Pre-kids, I’d never visited the wonders of soft play as an adult. I’d not had the pleasure of smelling the amalgamation of shit chips, PVC and excited toddler farts or been forced to bend my body through obstacles designed for five-year olds whilst only wearing socks.
Then I became a dad – suddenly, my office was no longer filled with desks, flipcharts and laptops, but rather other people’s squealing kids, a grim stickiness on every possible surface and a certain air of desperation. This, my friends, is soft play.
That being said, I’m going to shock you here. I actually really like soft play. It’s a great place for your kid to explore, play and let off steam, it gives them chance to interact with other kids (although that’s not always wise!), and, most importantly, it gives us parent five minutes to ourselves.
Plus, as a big kid myself, I can’t get enough of going down slides, climbing up cargo nets or lobbing an oversized cube at that prick of a seven-year old who knocked my kid out the way earlier that afternoon. Take that, Jessica.
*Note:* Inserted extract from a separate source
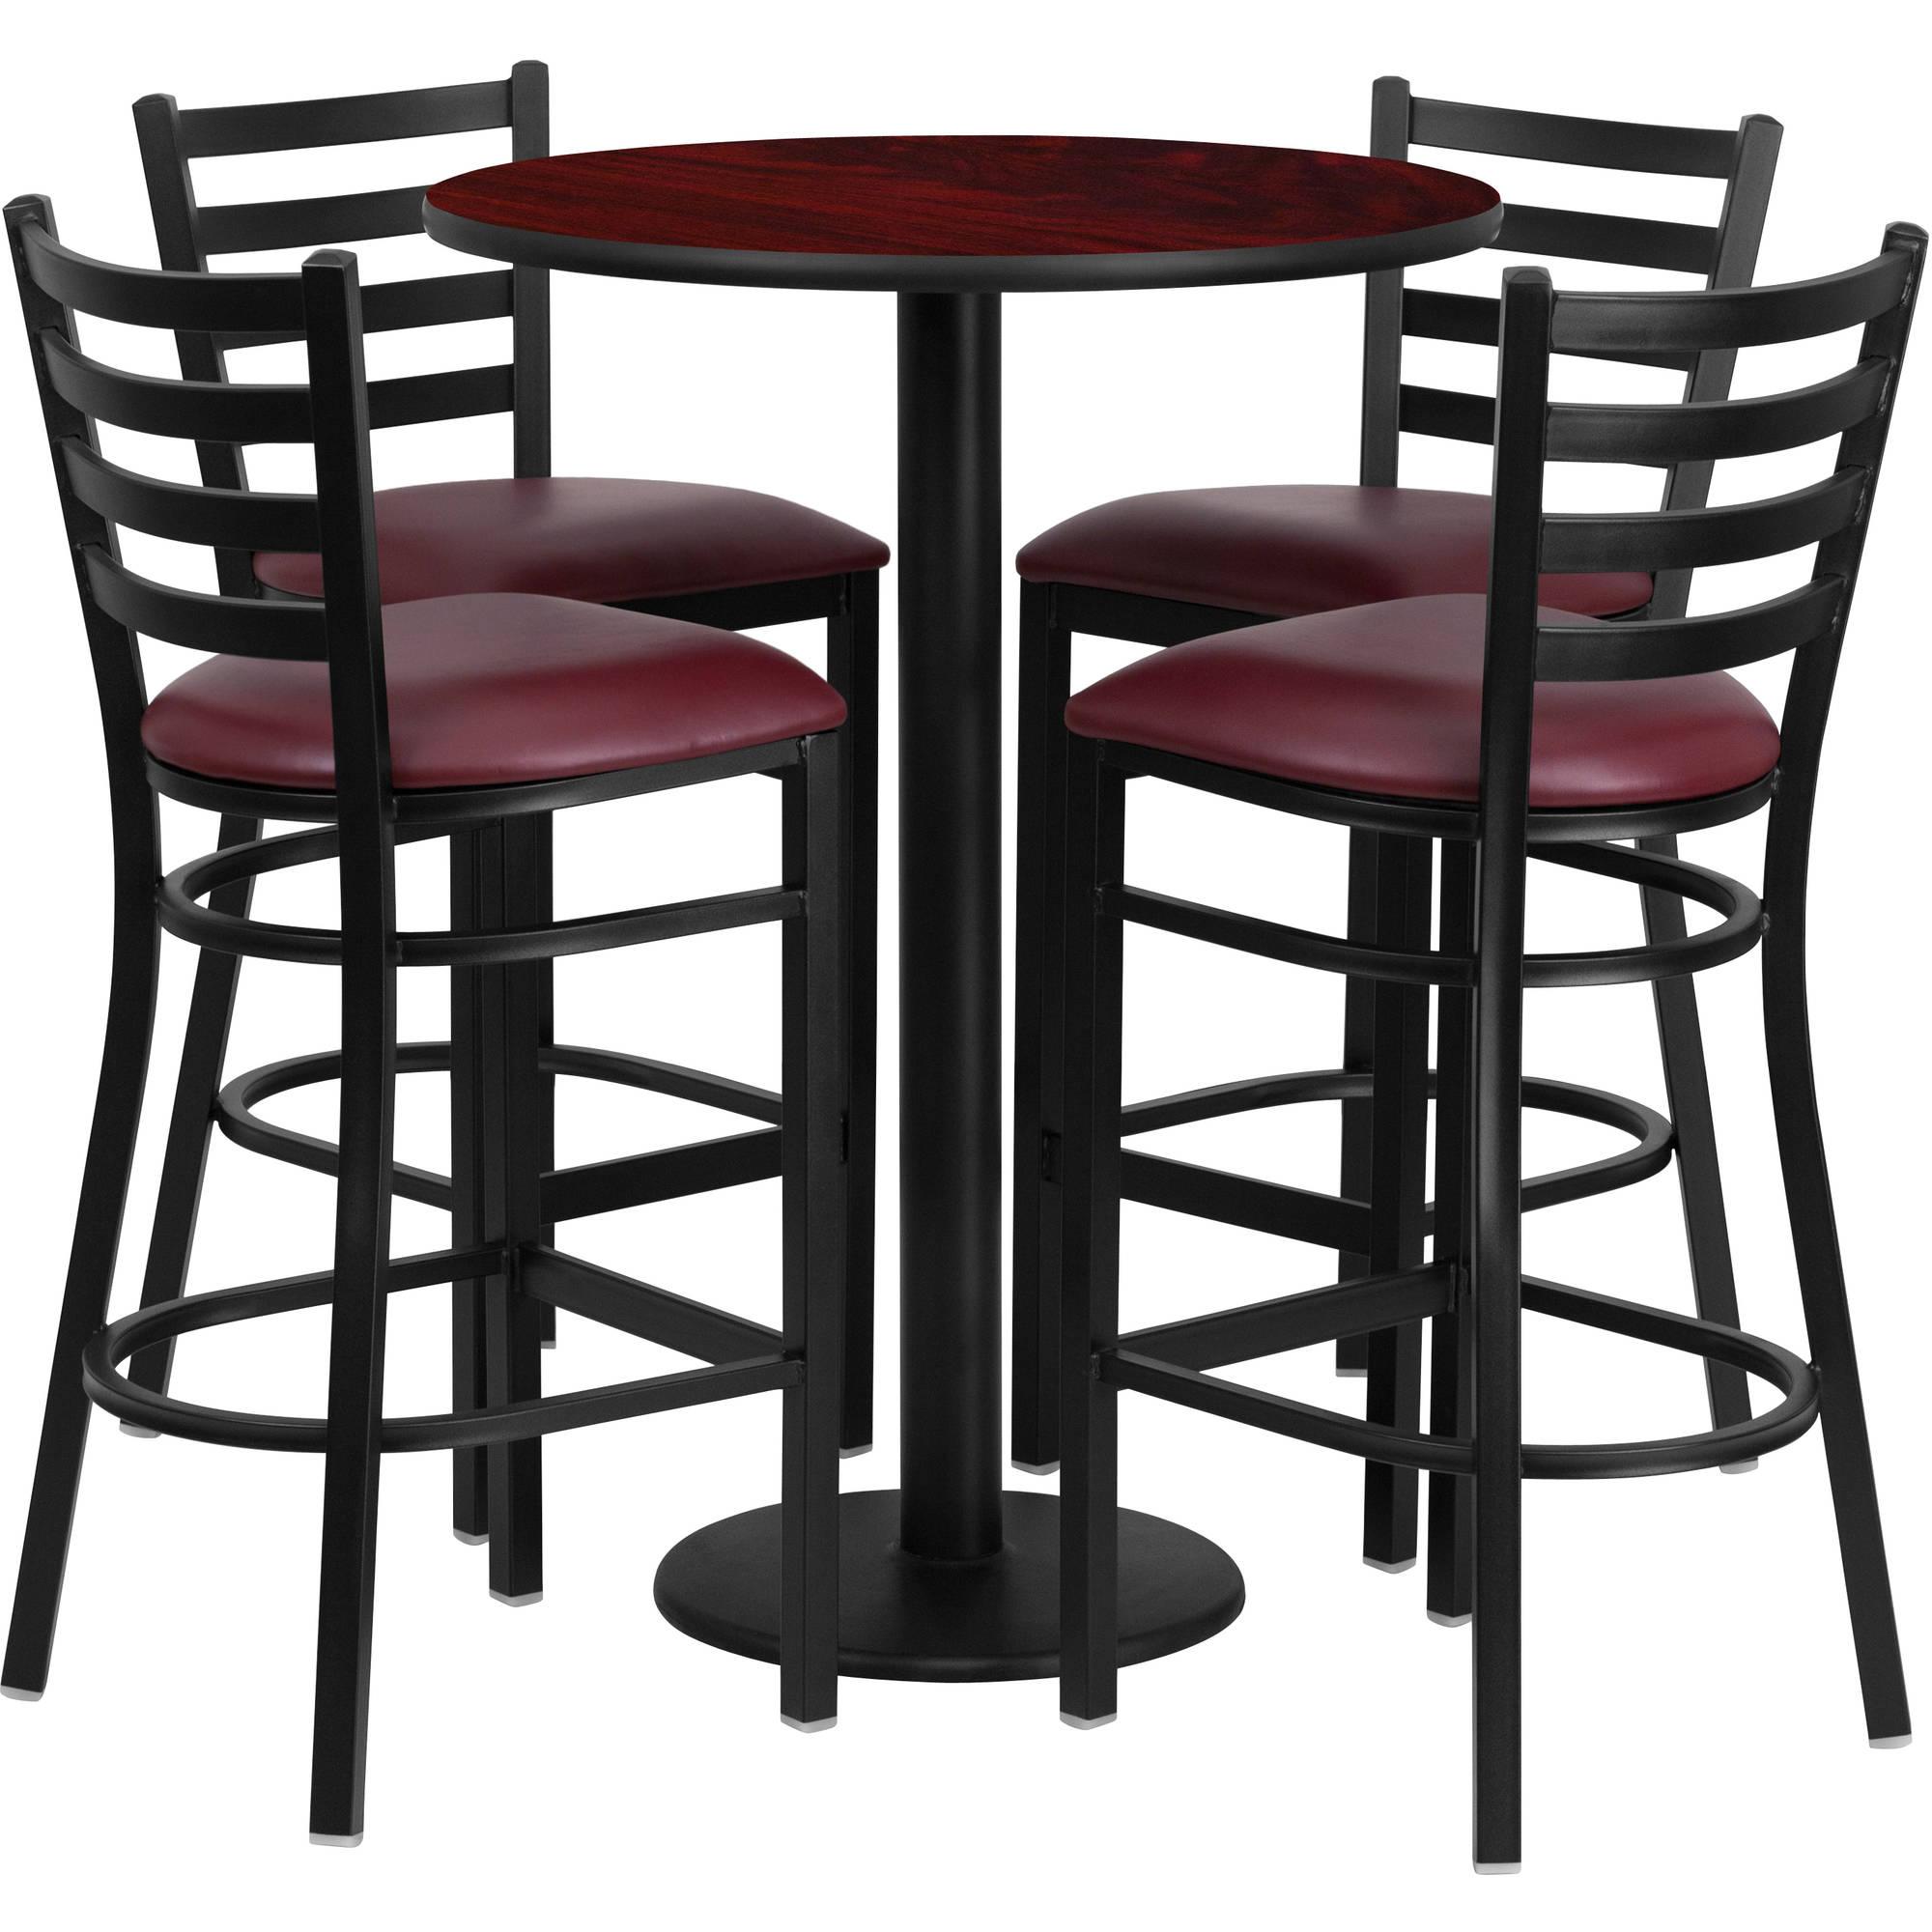 Flash Furniture 30'' Round Mahogany Laminate Table Set with 4 Ladder Back Metal Barstools, Burgundy Vinyl Seat
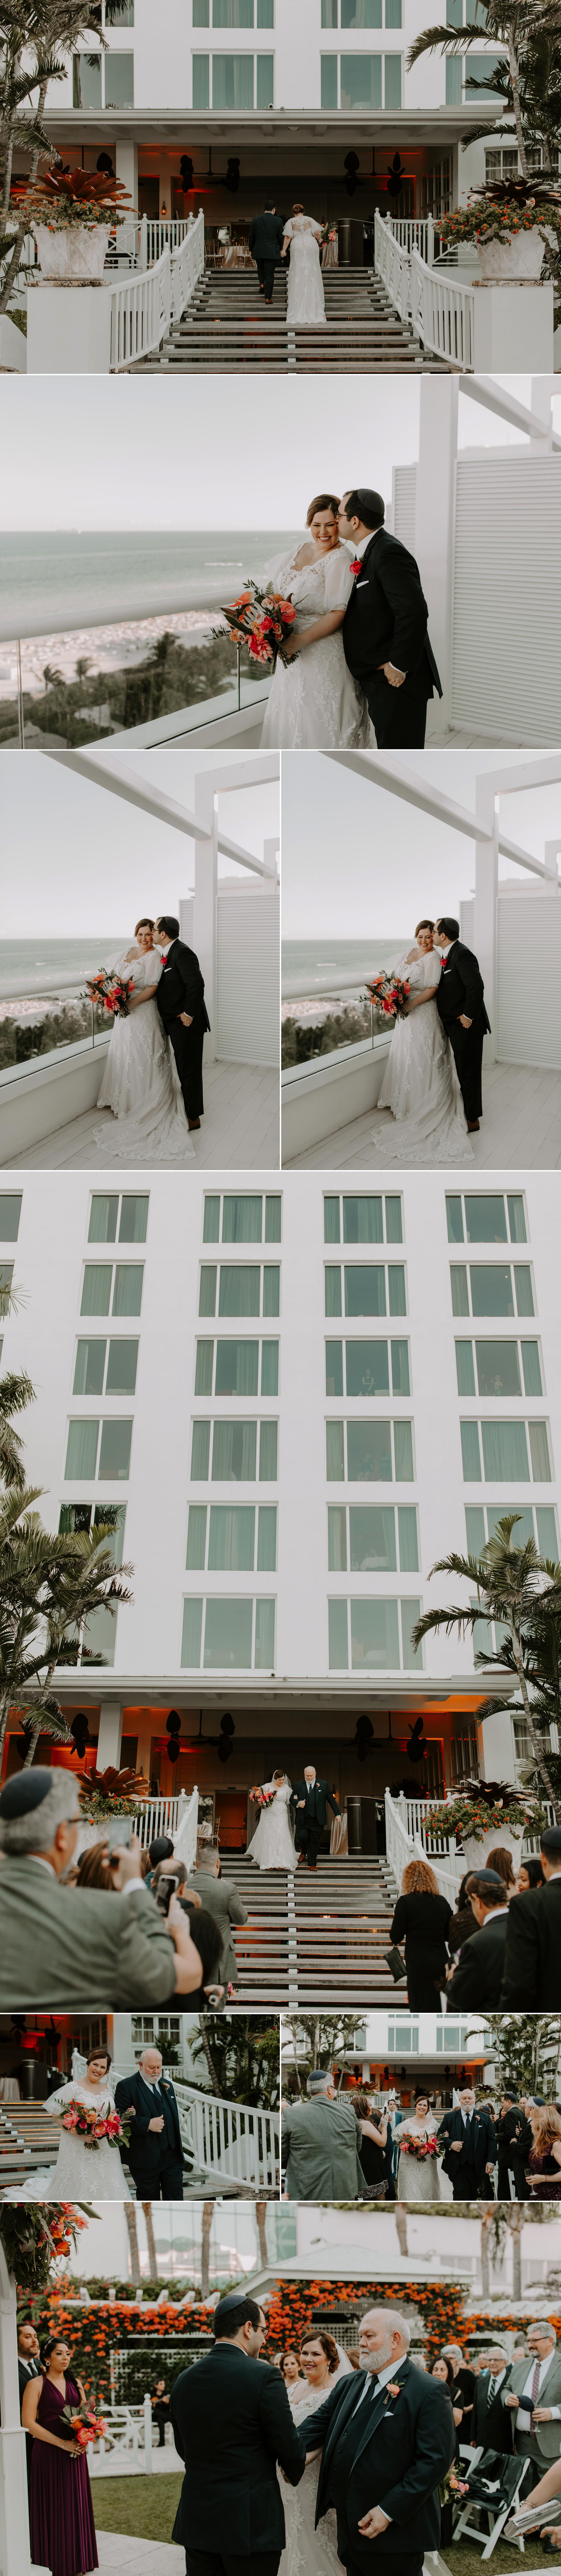 Tropical Miami Beach Wedding at The Palms Hotel

As someone who has visited a fair few different soft plays and spent more hours there than I’d like to calculate in those establishments, I feel like I’ve learnt a fair few things. With that in mind, I thought I’d share 11 things I’ve learnt from visiting soft play:
1) As misbehaved, unruly or devilish that you believe your own child to be, they will be angelic by comparison to the other kids causing havoc at soft play.
2) Timing is crucial. Never, and I mean never, visit soft play at a weekend or during school holidays. Only go when you can guarantee it’ll be empty – for instance, Tuesday at 10.31am until 10.36am.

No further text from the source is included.